3rd June 2014
With the World Cup about to kick-off it is worth remembering that it is not all about football as a plethora of big businesses are hoping the tournament will provide them with a significant sales boost.
With the event set to attract on average some 3.6 billion viewers from beginning to end, Trevor Green, manager of the Aviva Investors UK Opportunities fund looks at the stocks which could be big winners…
As brewing giant AB InBev – owner of Budweiser and Becks – recently commented: “This event provides an exciting opportunity to build brand equity and drive volume and revenue, not just in Brazil, but in many of our markets around the world.”

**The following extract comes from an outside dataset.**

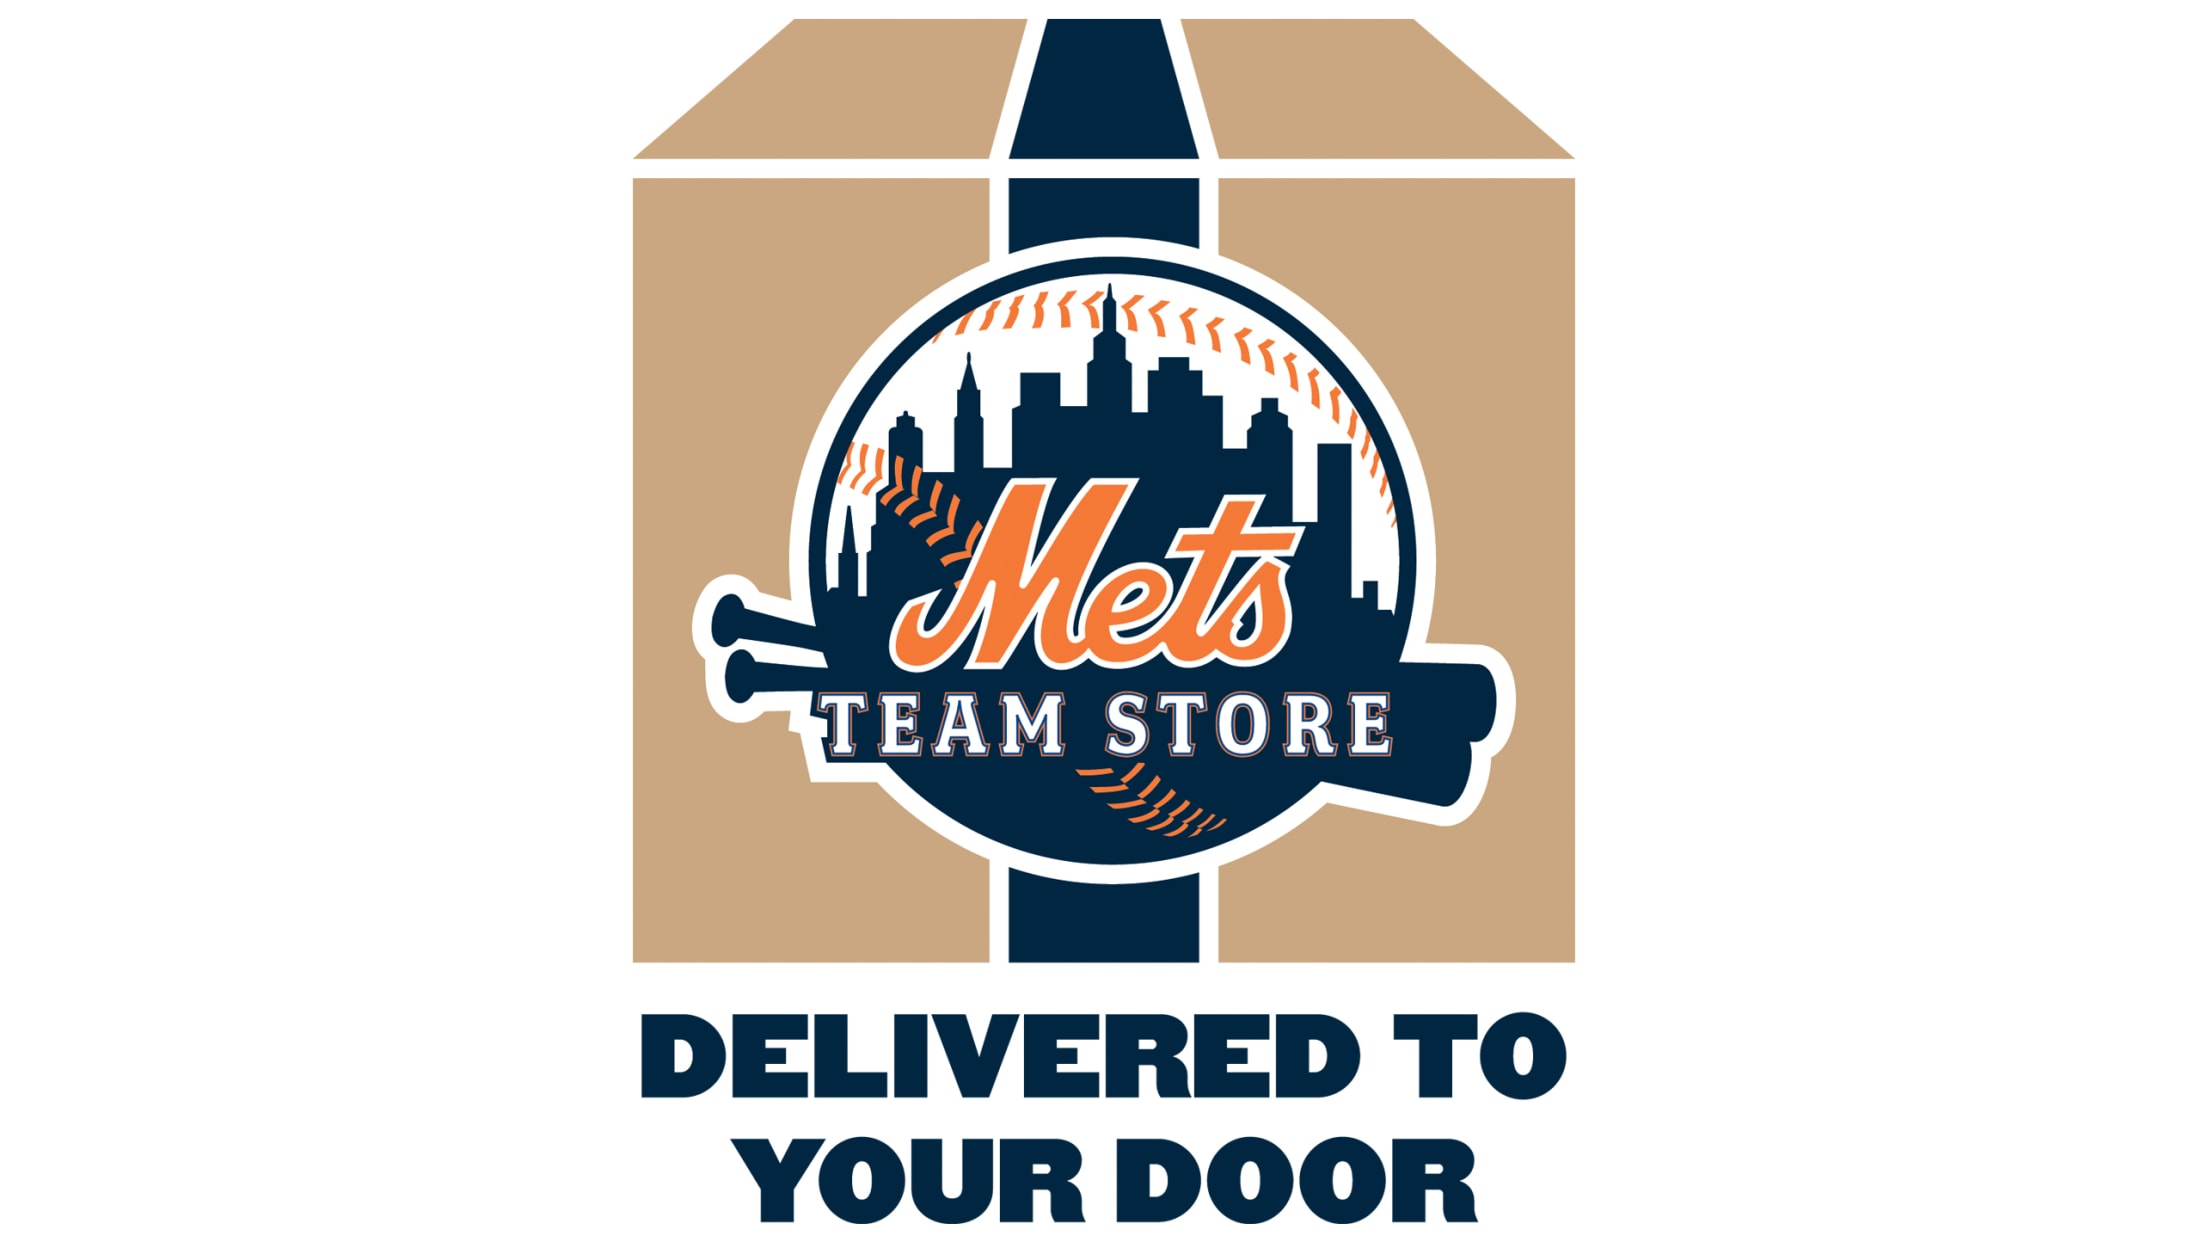 New York Mets Apparel, Mets Gear, Merchandise

Media giant ITV has the rights to cover the tournament. These rights could prove more valuable than in previous years partly because this will be the first World Cup at which betting companies will offer an “in-play” service. In-play betting takes place after a match has started and continues until its conclusion. Several major betting companies have already increased advertising on ITV in the run-up to the tournament. We expect these companies to ratchet up advertising once the World Cup gets underway which bodes well for advertising revenues.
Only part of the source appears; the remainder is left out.